Mid & Senior Site Reliability Engineers Technology and Security - GDS - G7
Government Digital & Data -
The Government Digital Service (GDS) is the digital centre of government — we are responsible for setting, leading and delivering the vision for a modern digital government.
Our priorities are to drive a modern digital government, by:
- joining up public sector services
- harnessing the power of AI for the public good
- strengthening and extending our digital and data public infrastructure
- elevating leadership and investing in talent
- funding for outcomes and procuring for growth and innovation
- committing to transparency and driving accountability
We are home to the Incubator for Artificial Intelligence (I.AI), the world-leading GOV.UK and at the forefront of coordinating the UK’s geospatial strategy and activity. We lead the Government Digital and Data function and champion the work of digital teams across government.
We’re part of the Department for Science, Innovation and Technology (DSIT) and employ more than 1,000 people all over the UK, with hubs in Manchester, London and Bristol.
The Government Digital Service is where talent translates into impact. From your first day, you’ll be working with some of the world’s most highly-skilled digital professionals, all contributing their knowledge to make change on a national scale.
Join us for rewarding work that makes a difference across the UK. You'll solve some of the nation’s highest-priority digital challenges, helping millions of people access services they need.
Reporting to GDS Product Group CTO, the Technology programme is boosting efficiency, strengthening security, and improving developer experience by providing infrastructure, tools and standards.
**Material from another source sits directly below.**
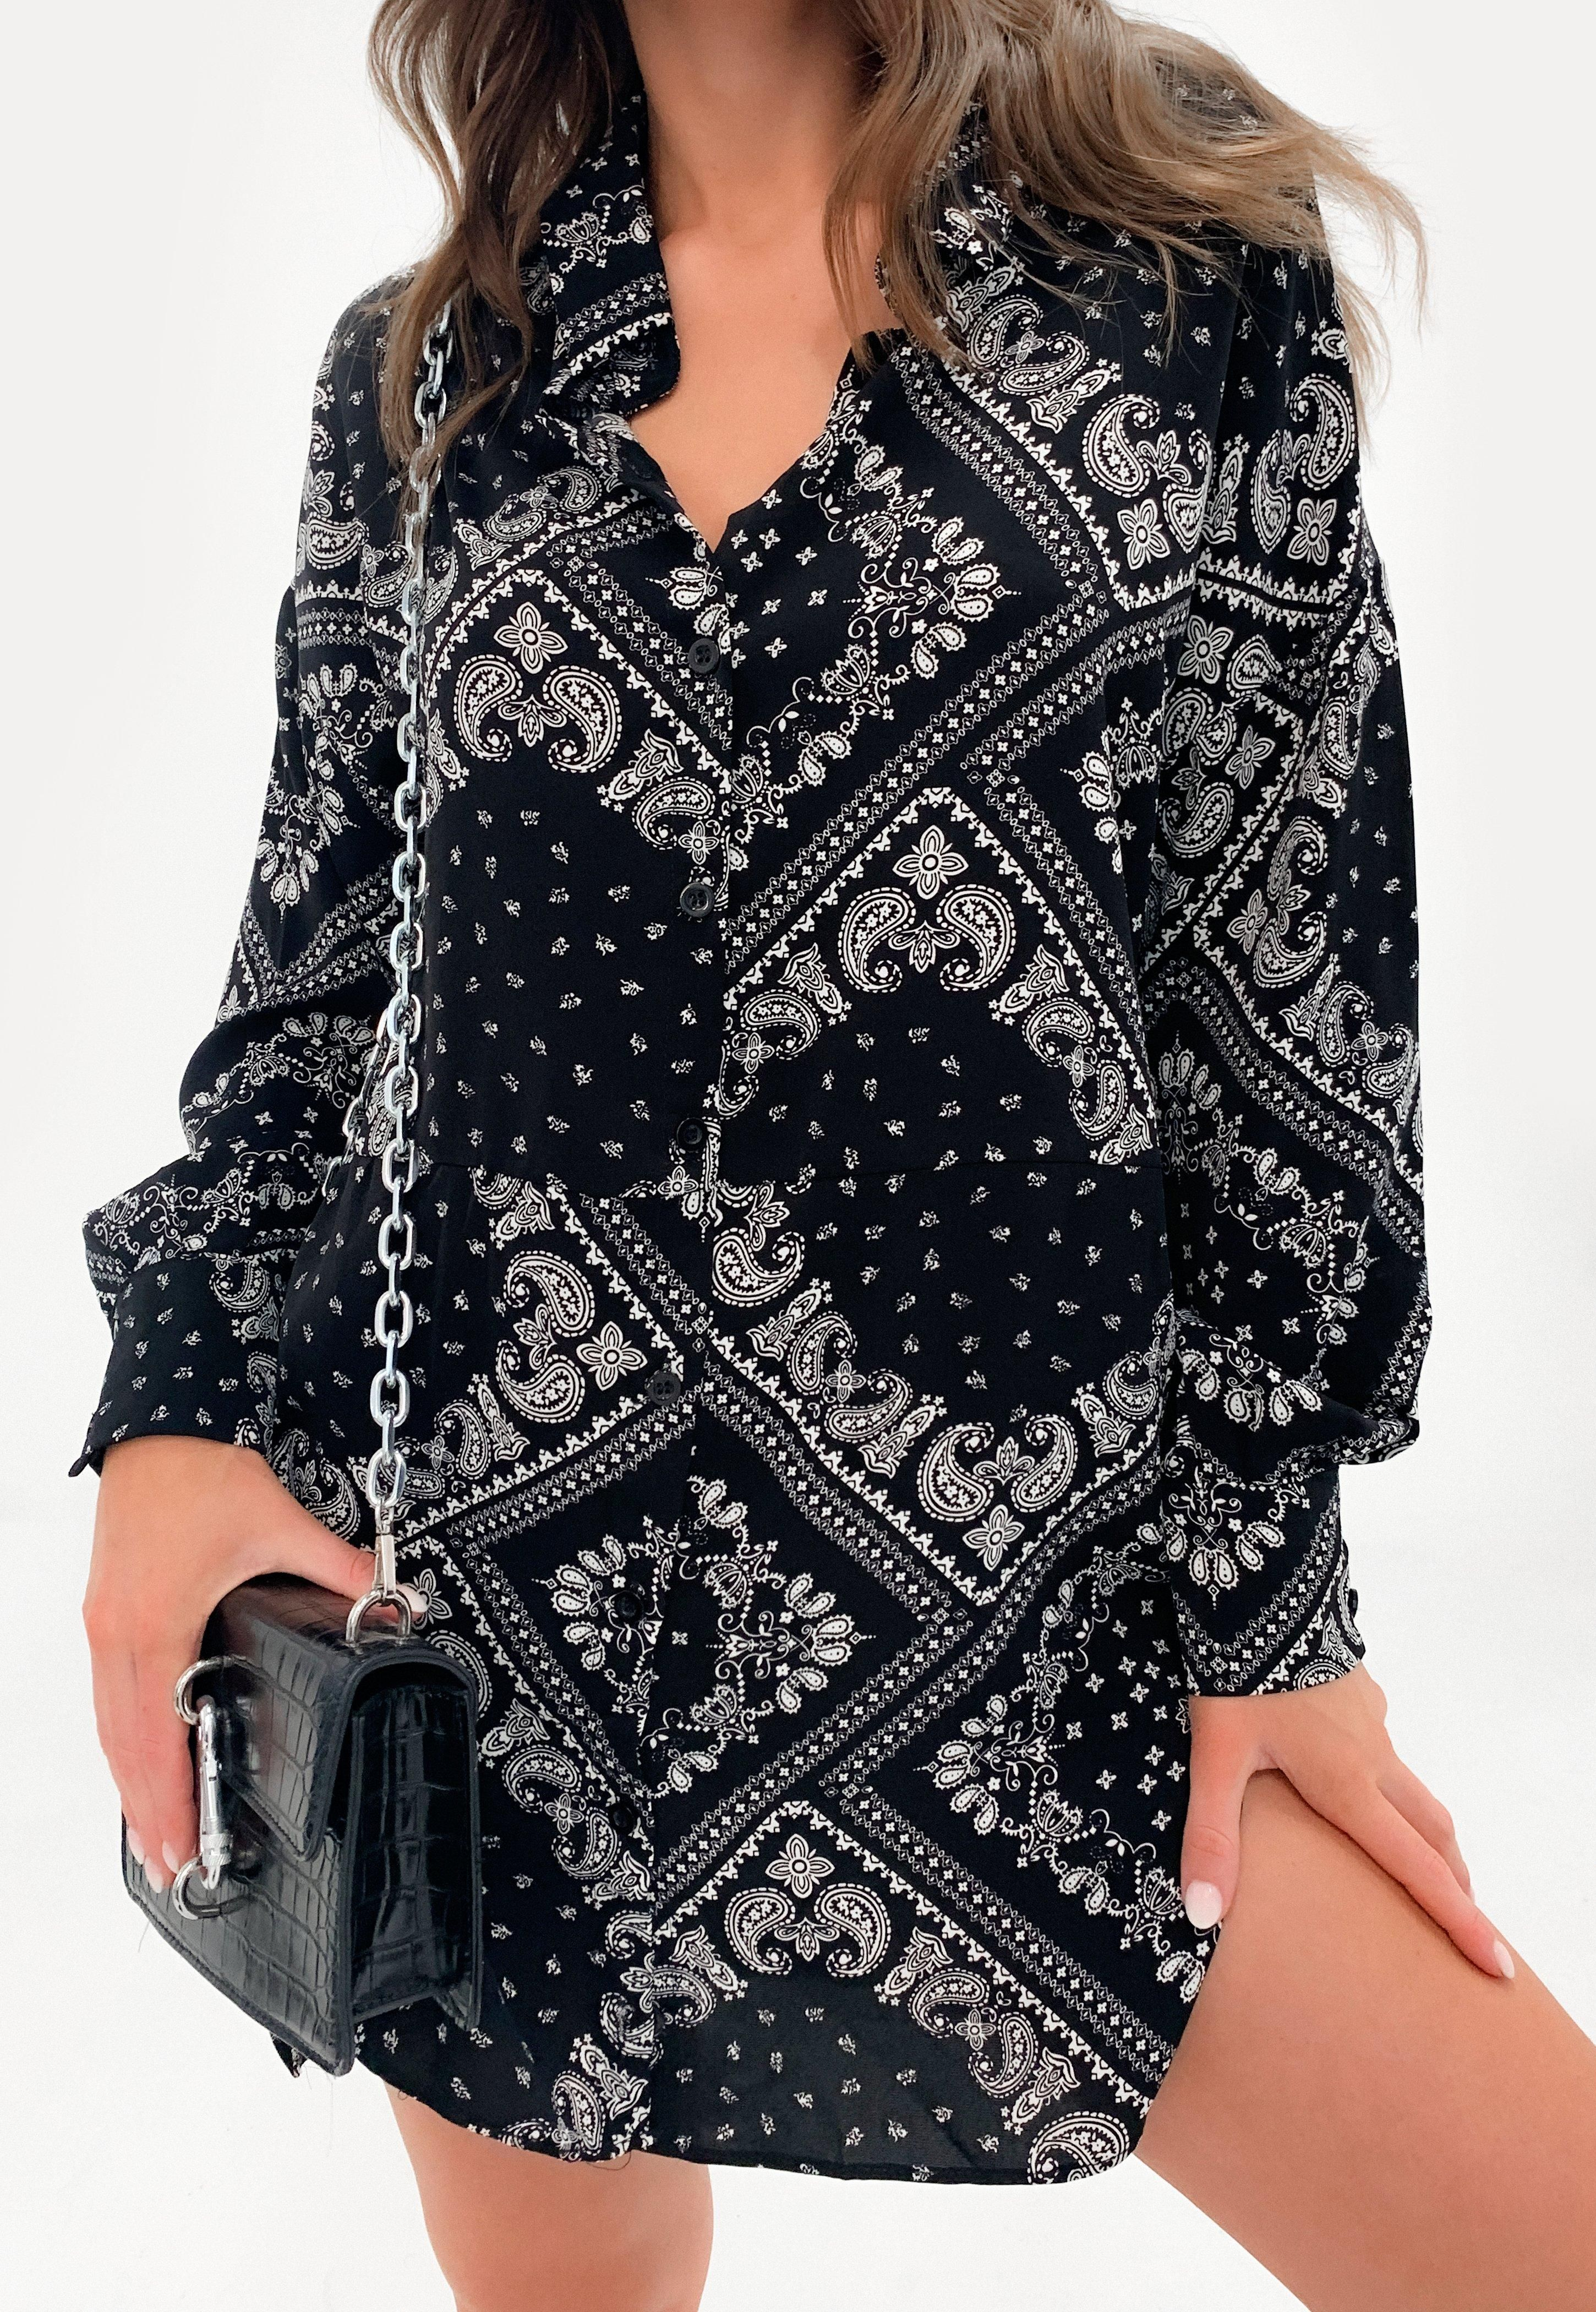 Missguided Black Bandana Print Oversized Dip Back Shirt Dress Bandana Print Dress Shirt Sleeves Long Sleeve Shirt Dress [ 4200 x 2900 Pixel ]

Building upon our current initiatives within GDS's AWS cloud environment, we are establishing four new multi-disciplinary teams to broaden our scope of work:
Cloud Platform team - owns and operates a thin central platform for our AWS estate.
Developer Experience and Finops team - manages core engineering tooling, proactively works to enhance developer practice & experience and ensures value from our SaaS services.
Engineering Access Operations team - owns and operates identity and access management for our systems and acts as an intelligent customer for IT services, improving overall effectiveness.
Business Enablement team - manages core business tooling and services, supporting business impact and agility
Read about a day in the life of a GDS Site Reliability Engineer on the GDS blog, and watch our video about Becoming a site reliability engineer at GDS.
Job description
We're seeking to hire SREs into the following teams:
- Cloud platform team - 1 Senior, 1 Mid-level.
- Developer Experience and Finops team - 1 Senior.
- Engineering Access Operations team - 2 Senior, 1 Mid-level.
As a Site Reliability Engineer you will:
- Be part of a multidisciplinary team developing and supporting our central cloud, developer and identity and access platforms
- Write infrastructure as code using terraform to ensure our infrastructure is consistent, reusable and reliable
- Deploy and configure observability tools to enable our teams to identify and respond to operational issues quickly and effectively
- Build CI/CD pipelines to enable the team to get code into production quickly and reliably
- Provide day-to-day support for our platforms and tools to ensure they remain available, secure and robust
- Participate in on-call rotations when necessary
- Solve complex and interesting problems
- Share your knowledge and expertise with your peers and the wider team to drive consistency and develop a culture of openness and learning
In addition to the above, as a Senior Site Reliability Engineer, you will:
- line manage 1-2 technologists, supporting their growth and development
- provide technical leadership within a team, working with other team members to identify the best approaches and solutions
Person specification
We’re interested in people who have:
- A deep understanding of Linux operating system internals and are comfortable working with Linux virtual machines or containers
- Strong experience of working with infrastructure technologies such as databases, web servers, DNS, CDNs, reverse proxies, message queues and load balancers
- Experience of building and maintaining services in the cloud (preferably AWS)
- Extensive experience of creating infrastructure as code using Terraform or CloudFormation (preferably Terraform)
- Experience of using container orchestration systems such as Kubernetes, ECS or serverless application design with AWS Lambda
- Experience supporting large production services
- Proficiency in at least one programming language (we use Ruby and Python)
- Strong Git skills
- Experience of creating pipelines in a CI/CD tool like Github Actions or AWS Codepipeline
- A strong understanding of security principles and how to keep large operational services secure
In addition to the above, as a Senior SRE you will have:
- Experience of technical leadership, for example acting as a tech lead for a team or leading a technical initiative
- Experience of line management, mentoring or coaching
If you meet a few of those criteria but think that you might not meet every last one then don’t let that stop you from submitting an application.